I was asked a question recently about a bug with a cursor that was updating the source table, causing the cursor to run forever. I could vaguely remember that there are some flags (when you declare the cursor) that control this behaviour - but in all honesty I have no interest in learning the details of those flags. I agree as with the above; the best answer is to ditch the cursor completely.

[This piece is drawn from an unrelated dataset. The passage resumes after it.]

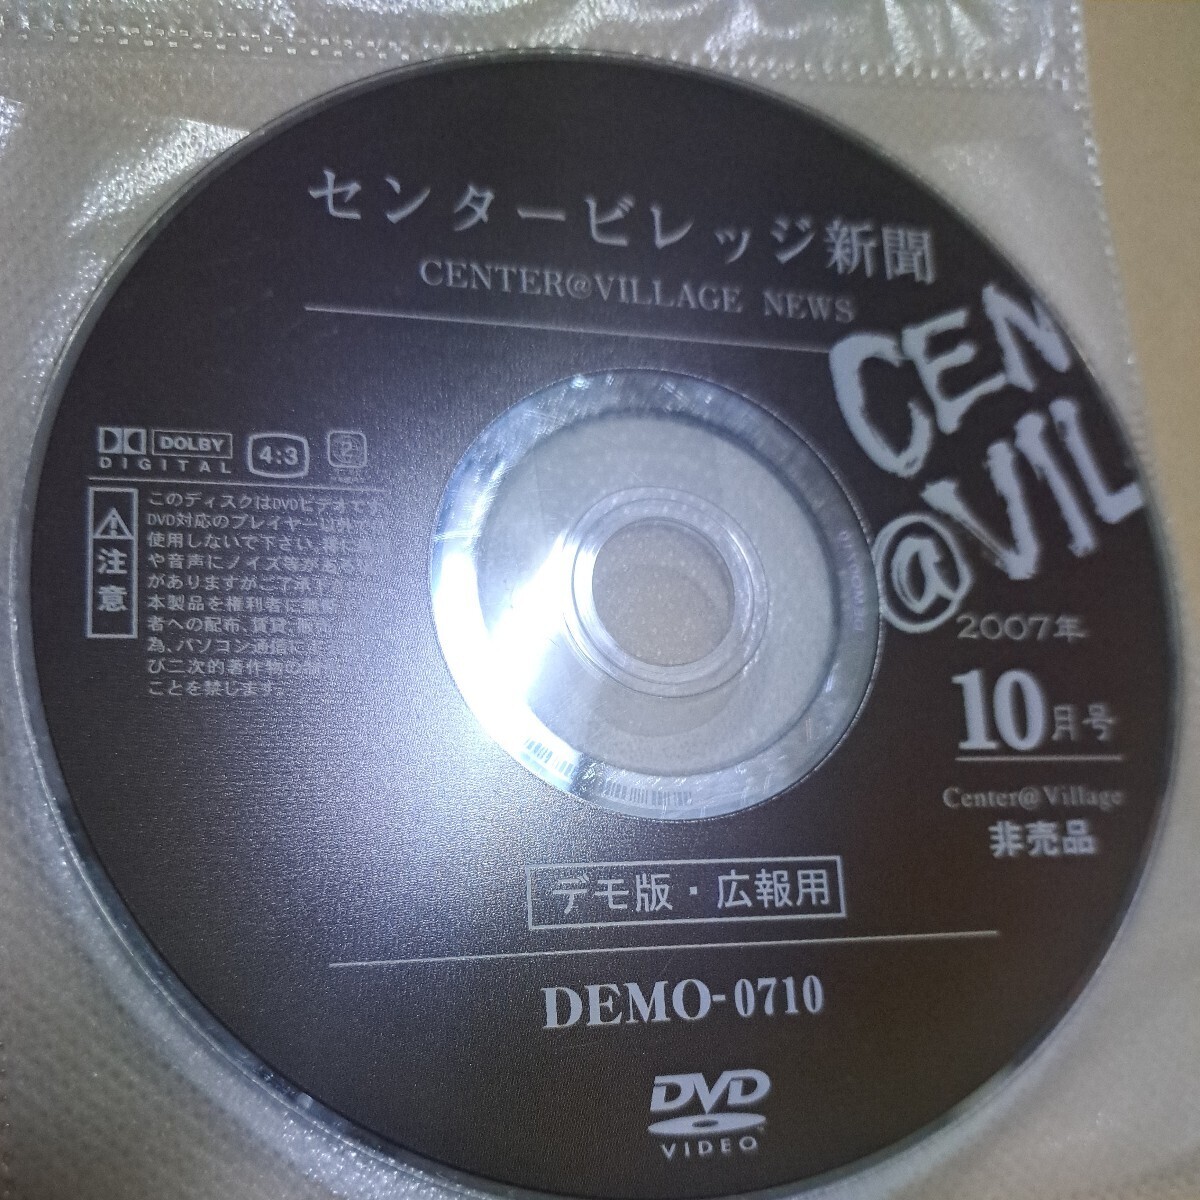  утиль центральный bireji газета 2007 год 10 месяц номер не продается demo версия широкий . для DVD диск только

Either in-place, or using a temp-table/table-variable (depending on size).

In some ways, things like ROW_NUMBER() provide answers for some of the other excuses that people use for cursors (of course, you can use an auto-incrementing identity in a temp table for the same purpose).

Andrey Shchekin
10/30/2009 10:51 AM by
Andrey Shchekin

I haven't seen any cursor-only solutions, except for schema-modifying operations.

When I worked on projects where there was no O/R at all, just a lot of stored procedures, even then there was no excuse to using a cursor and project guidelines outlawed them.

deyanp
10/30/2009 10:53 AM by
deyanp

I fully agree with your solution and with the statement that cursors are evil, BUT my experience says also that the usual causes for bad performance are missing/wrong indexes or transaction/locking issues (including lack of read uncommitted on selections) ...

chrissie1
10/30/2009 11:29 AM by
chrissie1

Of course you are right.

But apparently this is not true for Oracle, but I'm no expert.

Frans Bouma
10/30/2009 12:02 PM by
Frans Bouma

he also could have enlarged the tempdb, into which sqlserver inserts tempresults for cursors.

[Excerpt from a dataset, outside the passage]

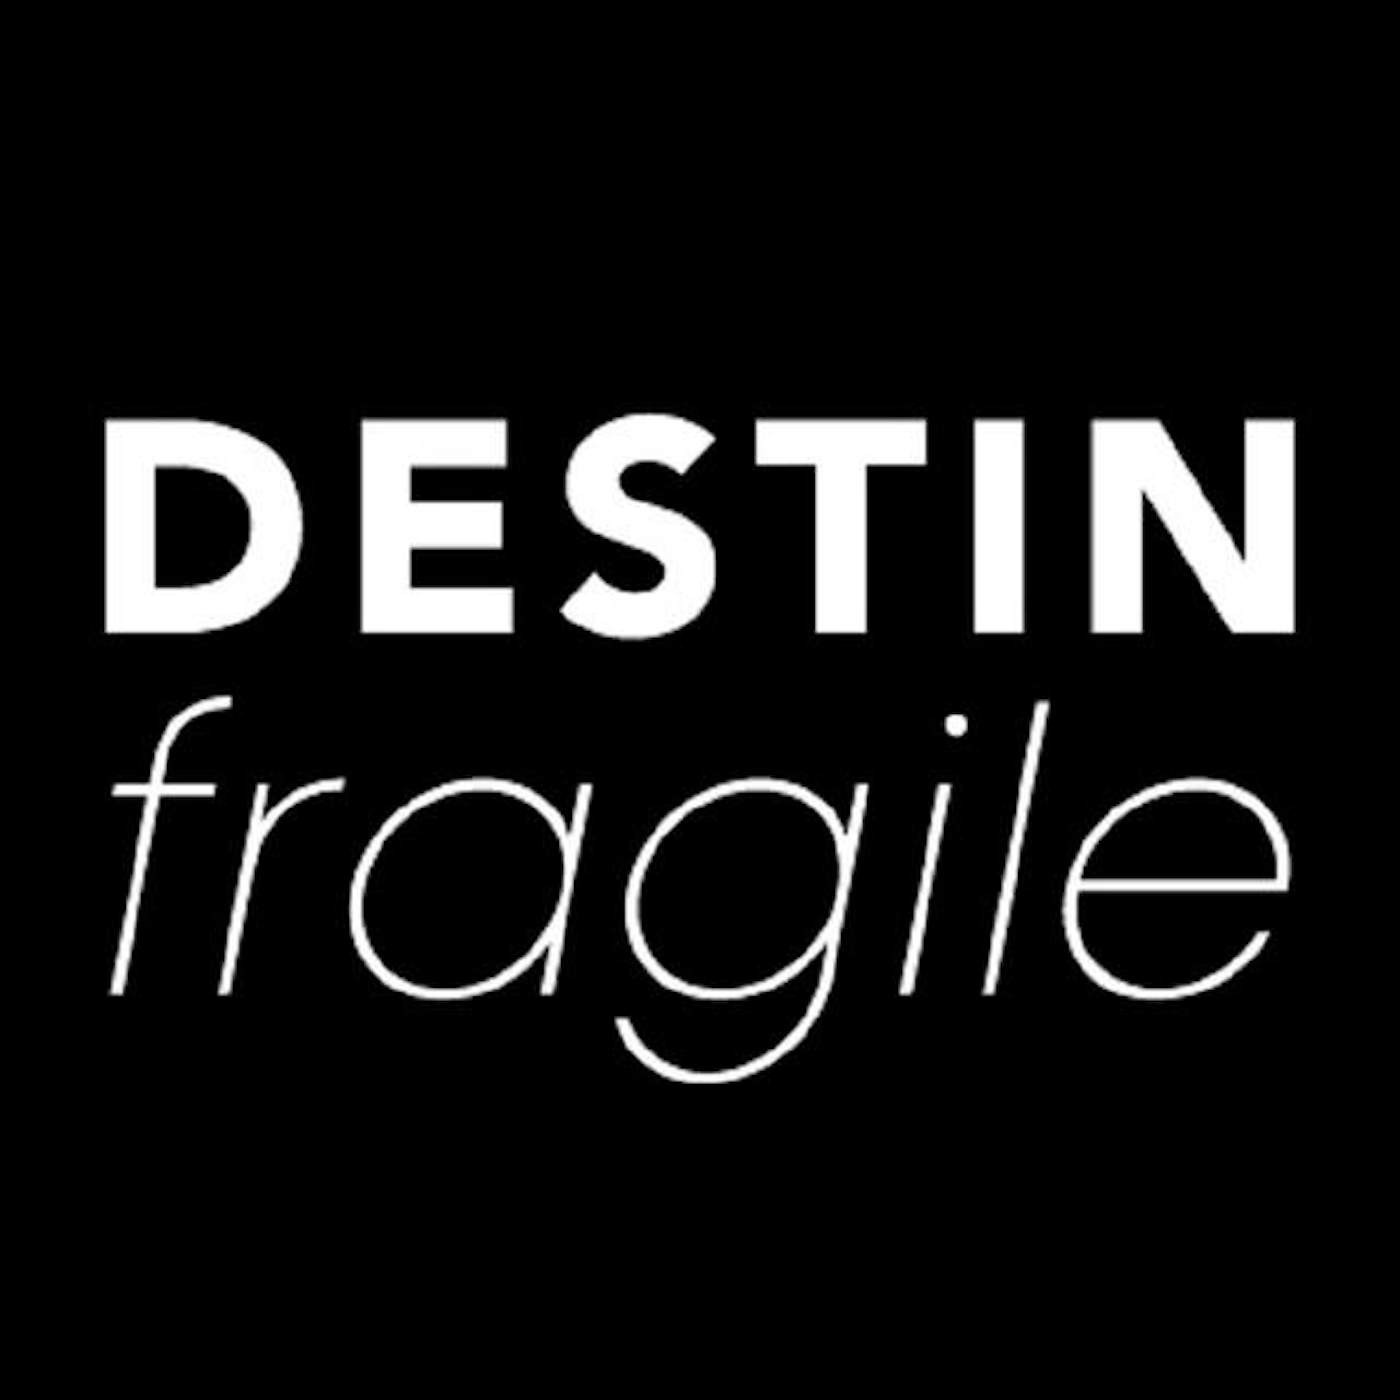 Destin Fragile
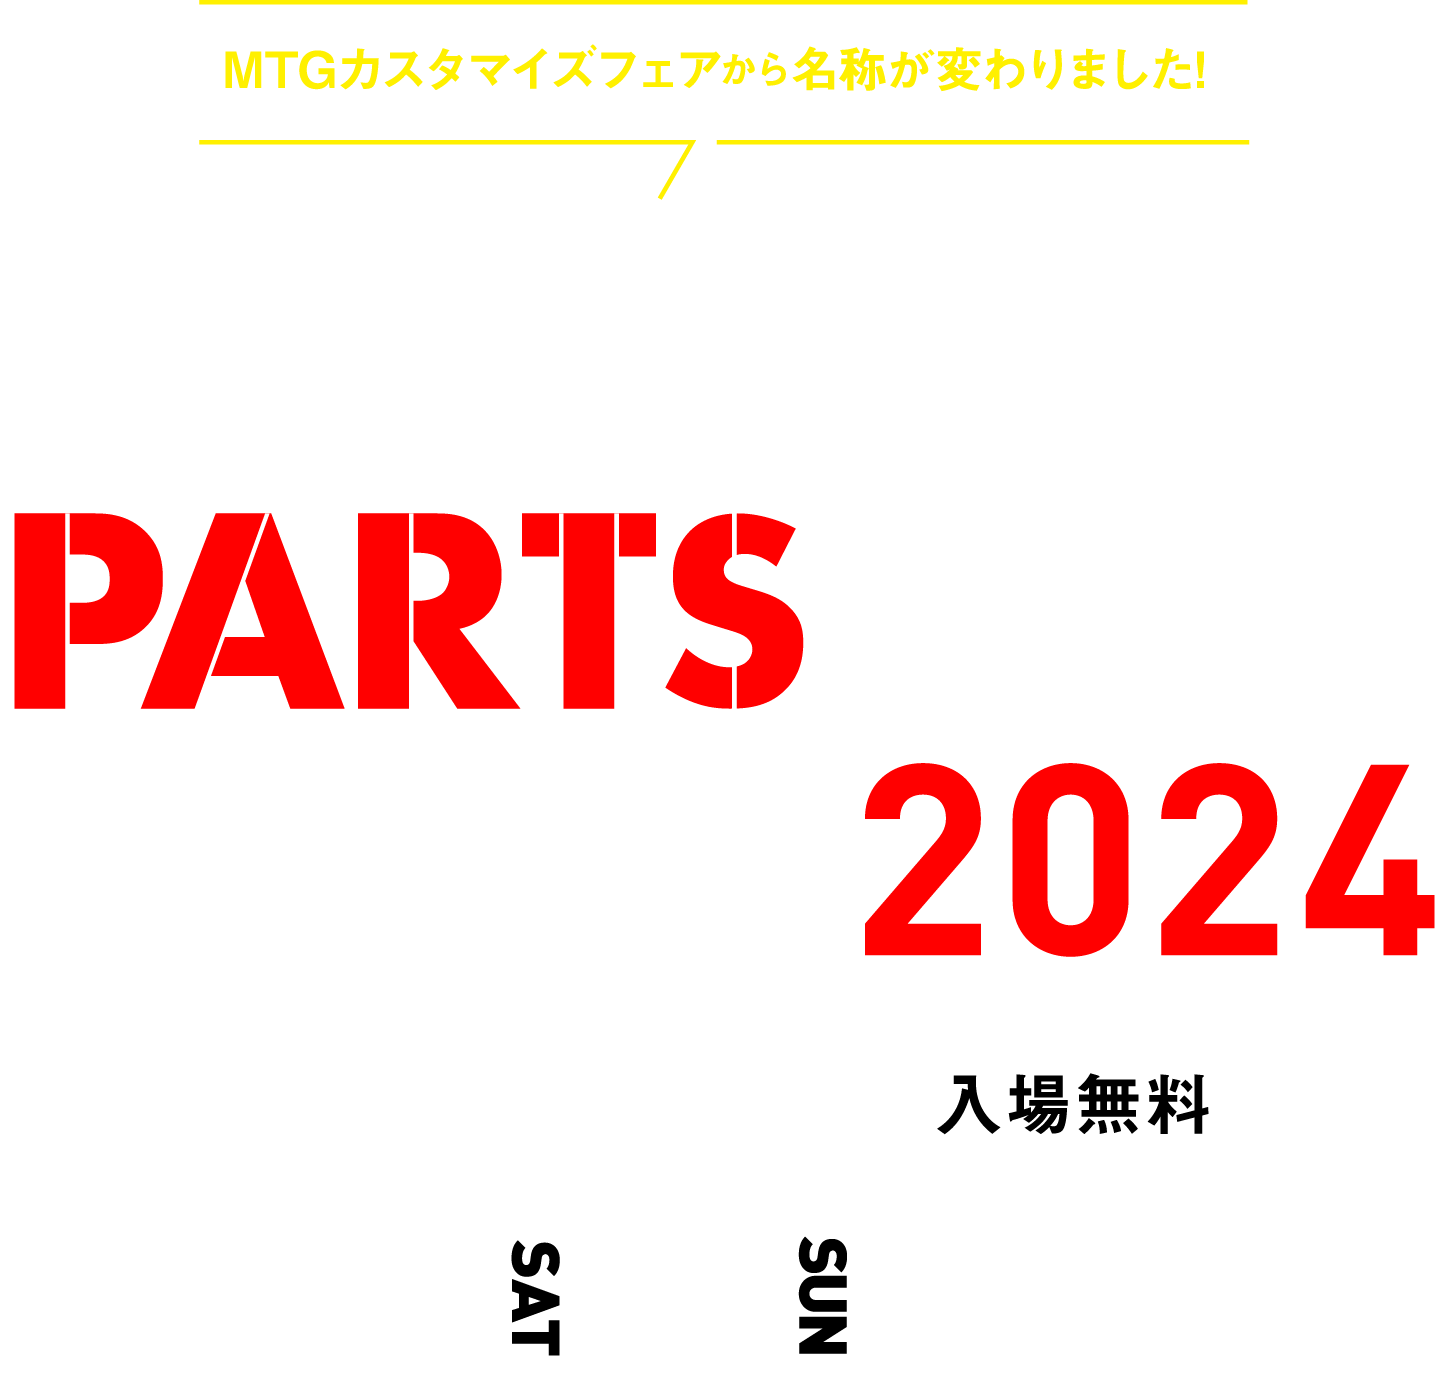 MTG PARTS FAIR 2024

Cursors are in general a sign of imperative thinking, so one should always strive for set-based statements. However cursors do have their place, though the # of cases is limited.

eledu81
10/30/2009 12:06 PM by
eledu81

I think the original code lacks of a commit fase(e.g. each 1k rows)... with large data the REDO log (or whatever is called in MSSQL) may be causing the timeout..

Your example is very simple, sometimes you need some calculations for each row so you don't have any other option than using cursors..

Ayende Rahien
10/30/2009 12:08 PM by
Ayende Rahien

eledu81,

Making calcs per each row is easy with SET based logic

e
10/30/2009 12:11 PM by
e

WHERE Video.Id=@VideoID shouldn't be there in the non-cursor example.

eledu81
10/30/2009 01:09 PM by
eledu81

Yes, you can do SET, but if you have a more complex logic there like selecting from more than one table or need conditionals for calculating values, transforming data, etc you will end with a gigantic SELECT/INSERT statement or multiple statements in the same table that I think will not perform better than using cursors.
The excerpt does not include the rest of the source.